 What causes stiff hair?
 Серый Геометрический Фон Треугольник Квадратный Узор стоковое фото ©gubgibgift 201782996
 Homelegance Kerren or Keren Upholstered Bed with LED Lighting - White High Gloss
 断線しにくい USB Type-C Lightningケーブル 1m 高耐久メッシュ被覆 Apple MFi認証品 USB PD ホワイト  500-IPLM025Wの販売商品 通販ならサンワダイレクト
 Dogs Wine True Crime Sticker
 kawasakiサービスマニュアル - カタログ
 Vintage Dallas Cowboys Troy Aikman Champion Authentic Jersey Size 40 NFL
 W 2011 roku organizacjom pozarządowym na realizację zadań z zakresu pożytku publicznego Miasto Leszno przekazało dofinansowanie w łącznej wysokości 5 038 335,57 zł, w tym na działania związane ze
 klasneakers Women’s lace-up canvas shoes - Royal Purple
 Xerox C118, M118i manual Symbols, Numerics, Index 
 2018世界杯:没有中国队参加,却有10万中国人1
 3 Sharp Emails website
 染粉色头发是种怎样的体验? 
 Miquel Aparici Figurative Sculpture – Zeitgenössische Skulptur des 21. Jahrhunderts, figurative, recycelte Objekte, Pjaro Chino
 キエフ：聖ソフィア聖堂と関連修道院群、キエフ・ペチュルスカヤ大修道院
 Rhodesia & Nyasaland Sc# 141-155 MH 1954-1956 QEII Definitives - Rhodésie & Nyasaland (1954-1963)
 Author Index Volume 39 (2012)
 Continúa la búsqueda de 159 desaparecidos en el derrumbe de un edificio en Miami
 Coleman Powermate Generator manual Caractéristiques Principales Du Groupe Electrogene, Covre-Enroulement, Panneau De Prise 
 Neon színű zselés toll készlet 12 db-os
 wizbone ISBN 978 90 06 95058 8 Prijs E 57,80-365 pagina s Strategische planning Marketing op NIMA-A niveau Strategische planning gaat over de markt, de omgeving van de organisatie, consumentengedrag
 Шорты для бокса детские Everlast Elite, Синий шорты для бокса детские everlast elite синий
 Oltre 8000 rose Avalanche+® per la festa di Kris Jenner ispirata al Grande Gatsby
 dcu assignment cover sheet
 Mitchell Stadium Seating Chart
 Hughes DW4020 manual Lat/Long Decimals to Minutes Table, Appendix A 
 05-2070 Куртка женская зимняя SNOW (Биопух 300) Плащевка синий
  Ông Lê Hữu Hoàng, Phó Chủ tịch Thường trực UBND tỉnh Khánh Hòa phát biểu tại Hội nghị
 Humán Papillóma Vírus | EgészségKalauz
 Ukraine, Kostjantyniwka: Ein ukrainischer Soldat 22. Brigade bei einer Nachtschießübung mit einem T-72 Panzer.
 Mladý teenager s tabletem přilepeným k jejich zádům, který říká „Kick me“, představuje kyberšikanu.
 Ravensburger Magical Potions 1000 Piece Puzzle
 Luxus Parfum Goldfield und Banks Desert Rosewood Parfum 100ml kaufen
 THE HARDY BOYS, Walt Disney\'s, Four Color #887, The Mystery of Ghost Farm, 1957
■ ■ ■ ■ ■ ■ ■
*WHAT THE EXERCISE ASKS*. Show all lines above containing "Index".

*EXERCISE RESULT*.
 Xerox C118, M118i manual Symbols, Numerics, Index 
 Author Index Volume 39 (2012)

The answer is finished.